I'm forced back to the present. Watching the scenes play in this room is like bearing witness to some underground alliance coming to fruition. I see customers old and new, friends, suppliers of every sort of vice. It's startling, actually, the array of villains we've managed to attract. I see notorious faces that have previously turned away our better offers, based on some crude sense of loyalty and already-formed business arrangements. It seems some ethics are being redefined.
When Noah said they could double the weight of their distribution, I couldn't
grasp the larger picture that he saw. I'm starting to understand as the night wears on that they mean to take the city absolutely. I had no idea how many enemies the Reapers actually have. Everything is about to get bigger. And I know now what Jack meant. I'm the small fry, the inexperienced one.
The danger level is escalating as each player sizes up opportunity, as they assess the potential in working together under a new flag. This is the part of the night when everyone pays their respects. They make their rounds and they are civil, even if their thoughts are all business. There will be a point, soon I'd imagine, when the mourners will dwindle, and those who remain will be those who have decided it wise to hear what Maria has to say.
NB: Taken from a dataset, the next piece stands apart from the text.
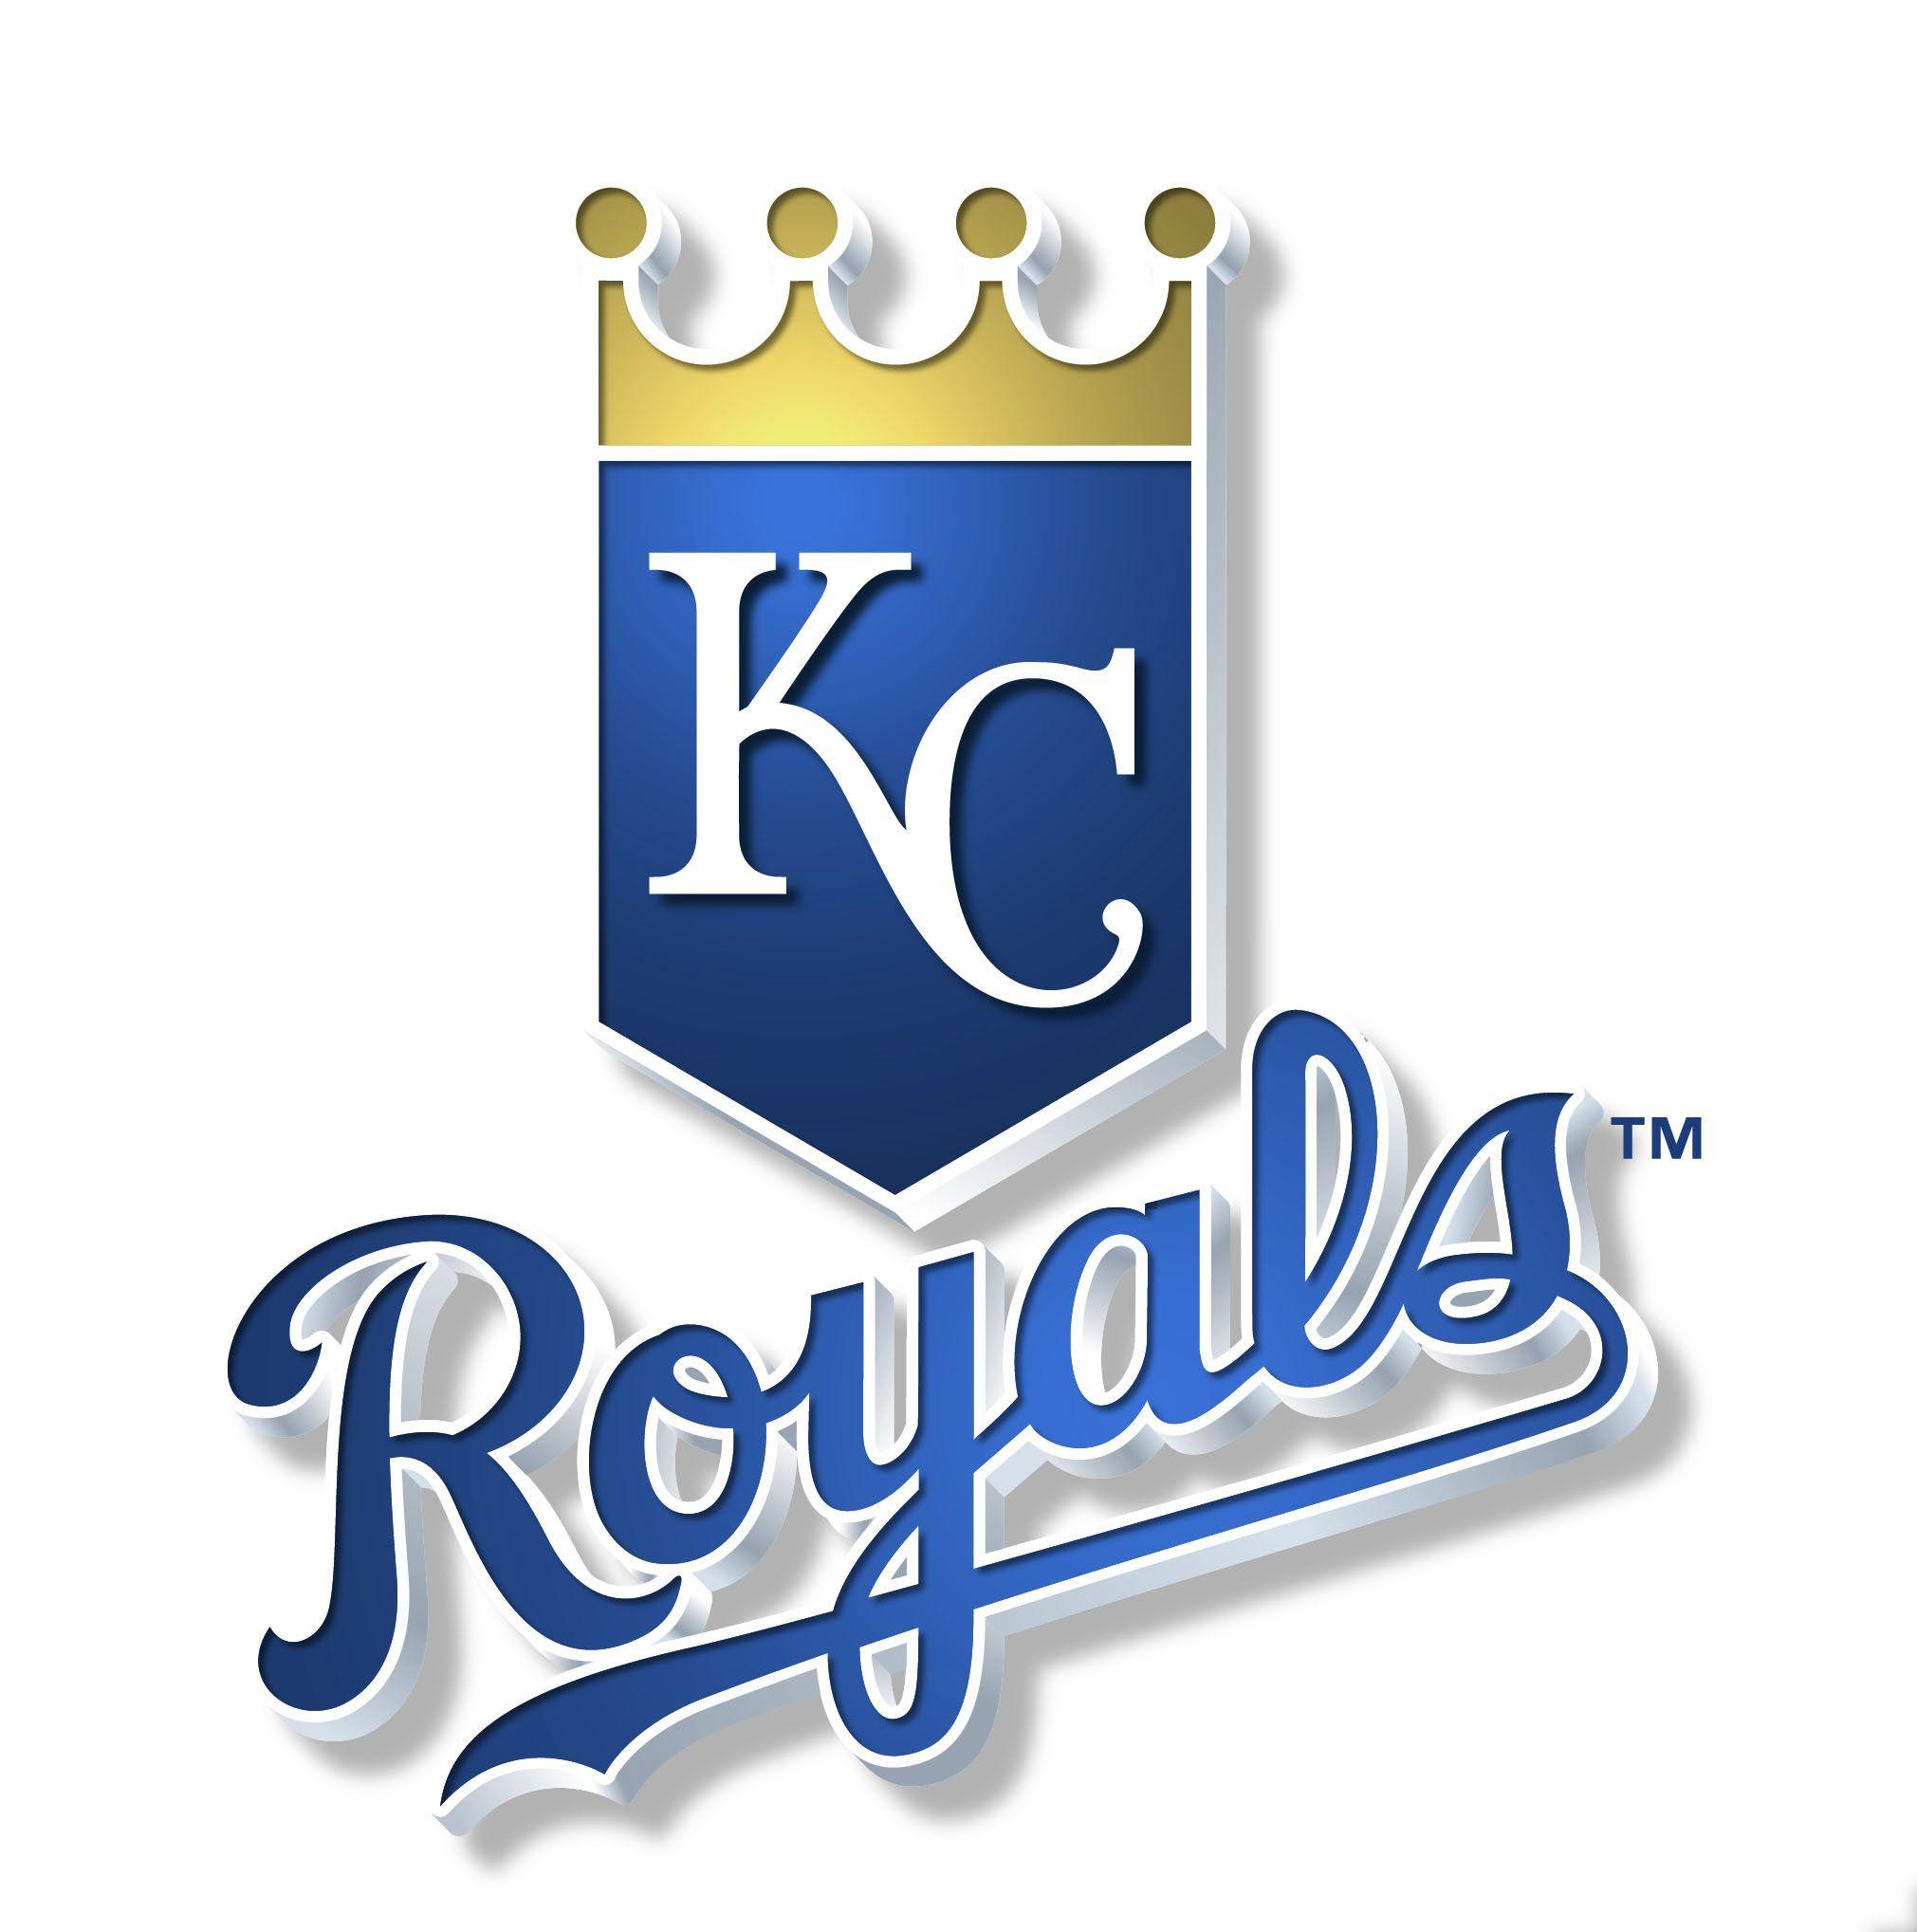 Royals Logo Kansas City Royals Logo Kansas City Kansas City Royals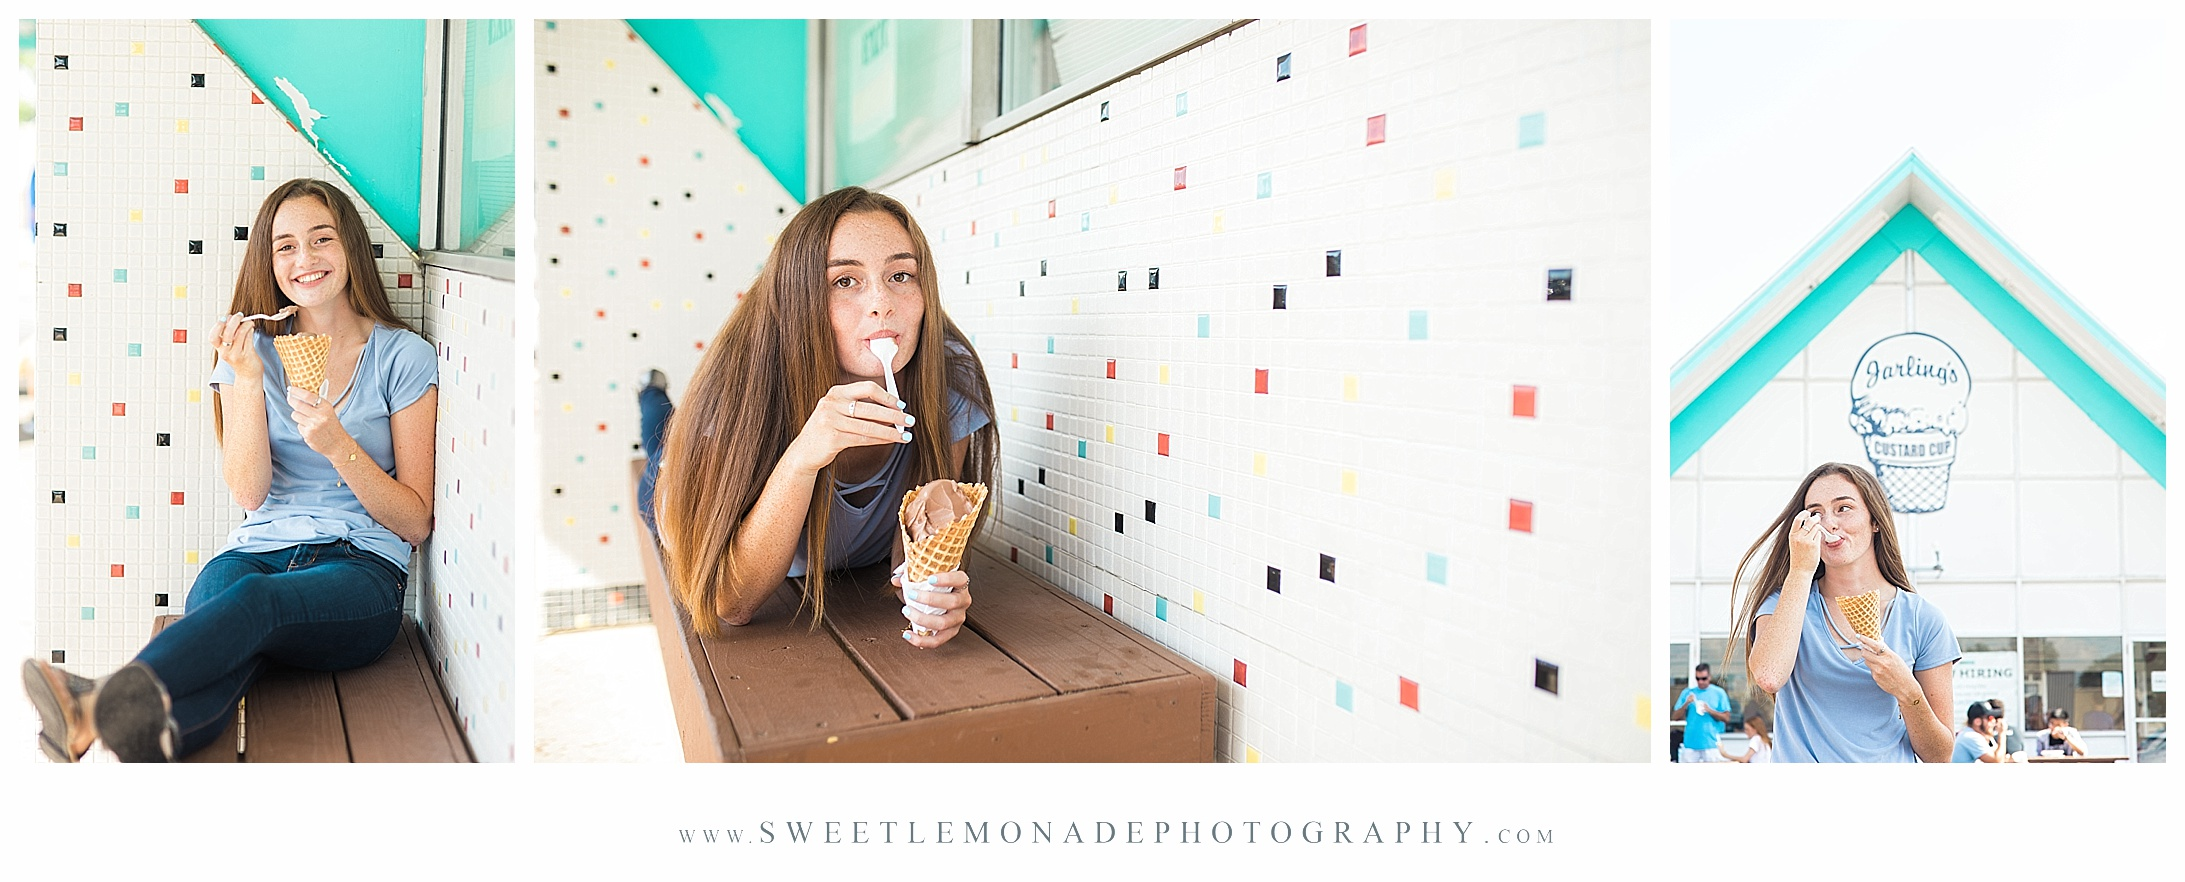 champaign-senior-photographer-sweet-lemonade-photography-st-thomas-more-high-school_2307.jpg

The ceiling fans are really just taunting me at this point. I see them spinning, but the air in here is not moving. The restaurant is a mass of sweat, alcohol, and pheromones. I can't escape the memories that return to the surface, so I try to let them run together until they are unrecognizable. I feel like I've been forced off the plank into a deadly undercurrent. It's either swim or get dragged down to a beautiful and tragic end.
I'm gasping for my last breath just as salvation arrives. Maria. Her presence soothes my suffocation. I attempt a stony facade, try to confront her as impersonally as she has done with me since that night. I try, but I know all she can see is me drowning.
She hands me what must be at least a double shot of brown liquid with a little lime wedge hooked onto the side of it. I can smell the liquor like a post-traumatic stress trigger. It's tequila, old stuff by the looks of it. The good stuff. This is our ritual, how fitting that we should perform it now.
I know she can see the fear in my eyes, because she smirks. She's already a little drunk, I can tell. With false valor, I take the shot from her and we cock our limes. Slowly, cruelly, she licks the back of her hand, holding my eyes the whole time. I follow, a slave to her command, just as she knew I would be. The salt on my skin is enough. Then we slam the shots.